## Assigned task
Pull out every line from the listing that has the word "server".

^^^^^^^^^^^^^^^^

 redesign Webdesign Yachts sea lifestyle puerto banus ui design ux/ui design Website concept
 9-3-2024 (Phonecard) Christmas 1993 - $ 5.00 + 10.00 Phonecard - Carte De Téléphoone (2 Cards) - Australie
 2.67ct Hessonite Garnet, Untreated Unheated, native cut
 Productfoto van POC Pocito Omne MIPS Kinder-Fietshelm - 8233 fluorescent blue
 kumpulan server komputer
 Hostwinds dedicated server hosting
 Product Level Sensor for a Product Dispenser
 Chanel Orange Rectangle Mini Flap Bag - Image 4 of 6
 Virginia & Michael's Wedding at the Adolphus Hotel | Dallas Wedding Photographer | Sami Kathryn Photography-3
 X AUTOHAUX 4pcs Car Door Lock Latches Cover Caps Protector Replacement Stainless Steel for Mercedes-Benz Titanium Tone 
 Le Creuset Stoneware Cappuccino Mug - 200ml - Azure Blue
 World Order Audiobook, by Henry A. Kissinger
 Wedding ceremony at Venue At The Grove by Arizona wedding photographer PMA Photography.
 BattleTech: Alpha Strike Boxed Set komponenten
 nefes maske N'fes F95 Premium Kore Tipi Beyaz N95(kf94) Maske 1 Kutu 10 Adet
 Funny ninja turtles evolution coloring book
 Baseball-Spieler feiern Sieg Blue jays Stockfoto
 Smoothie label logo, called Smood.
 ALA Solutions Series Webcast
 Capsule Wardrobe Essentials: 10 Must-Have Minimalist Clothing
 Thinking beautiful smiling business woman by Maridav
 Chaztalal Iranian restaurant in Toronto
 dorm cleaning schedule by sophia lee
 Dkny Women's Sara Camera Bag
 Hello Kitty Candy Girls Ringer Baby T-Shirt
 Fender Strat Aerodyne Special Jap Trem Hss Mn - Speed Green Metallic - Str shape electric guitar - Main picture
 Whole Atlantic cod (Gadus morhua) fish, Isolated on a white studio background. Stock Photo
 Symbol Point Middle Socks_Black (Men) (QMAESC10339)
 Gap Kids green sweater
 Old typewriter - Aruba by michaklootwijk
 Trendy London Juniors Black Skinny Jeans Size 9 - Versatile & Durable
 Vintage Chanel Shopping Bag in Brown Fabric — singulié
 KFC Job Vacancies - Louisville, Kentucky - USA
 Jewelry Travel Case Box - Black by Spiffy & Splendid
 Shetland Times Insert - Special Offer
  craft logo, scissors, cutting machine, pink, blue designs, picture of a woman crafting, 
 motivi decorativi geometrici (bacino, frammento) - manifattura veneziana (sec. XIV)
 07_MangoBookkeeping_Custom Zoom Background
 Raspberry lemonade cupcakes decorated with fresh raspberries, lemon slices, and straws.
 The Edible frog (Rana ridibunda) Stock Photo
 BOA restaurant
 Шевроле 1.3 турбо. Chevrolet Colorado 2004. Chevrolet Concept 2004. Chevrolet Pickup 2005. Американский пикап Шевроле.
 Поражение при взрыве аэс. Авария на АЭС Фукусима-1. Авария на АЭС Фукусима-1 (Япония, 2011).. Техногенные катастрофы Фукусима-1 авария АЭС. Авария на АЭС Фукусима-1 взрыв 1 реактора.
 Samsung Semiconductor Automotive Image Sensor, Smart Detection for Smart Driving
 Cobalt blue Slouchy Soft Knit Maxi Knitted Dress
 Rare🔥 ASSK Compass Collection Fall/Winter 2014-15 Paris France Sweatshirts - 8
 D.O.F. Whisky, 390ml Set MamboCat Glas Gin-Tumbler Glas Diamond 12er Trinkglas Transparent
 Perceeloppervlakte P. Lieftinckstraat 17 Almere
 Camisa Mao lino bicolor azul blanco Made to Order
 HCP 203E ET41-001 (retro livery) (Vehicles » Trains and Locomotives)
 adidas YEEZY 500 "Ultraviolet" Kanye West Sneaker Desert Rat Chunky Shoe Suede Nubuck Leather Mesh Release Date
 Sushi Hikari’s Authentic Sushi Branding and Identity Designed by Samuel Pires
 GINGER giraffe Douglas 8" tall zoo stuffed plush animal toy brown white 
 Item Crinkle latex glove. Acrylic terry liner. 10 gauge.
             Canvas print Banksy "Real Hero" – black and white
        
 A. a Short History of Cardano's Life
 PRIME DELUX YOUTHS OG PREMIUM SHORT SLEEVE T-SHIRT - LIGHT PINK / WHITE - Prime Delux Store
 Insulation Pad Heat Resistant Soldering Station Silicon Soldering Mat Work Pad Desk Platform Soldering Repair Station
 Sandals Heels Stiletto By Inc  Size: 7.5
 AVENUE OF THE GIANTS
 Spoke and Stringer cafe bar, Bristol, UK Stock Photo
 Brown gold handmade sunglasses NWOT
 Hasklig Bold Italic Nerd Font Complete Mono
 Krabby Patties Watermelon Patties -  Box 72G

^^^^^^^^^^^^^^^^

## Completed task
 kumpulan server komputer
 Hostwinds dedicated server hosting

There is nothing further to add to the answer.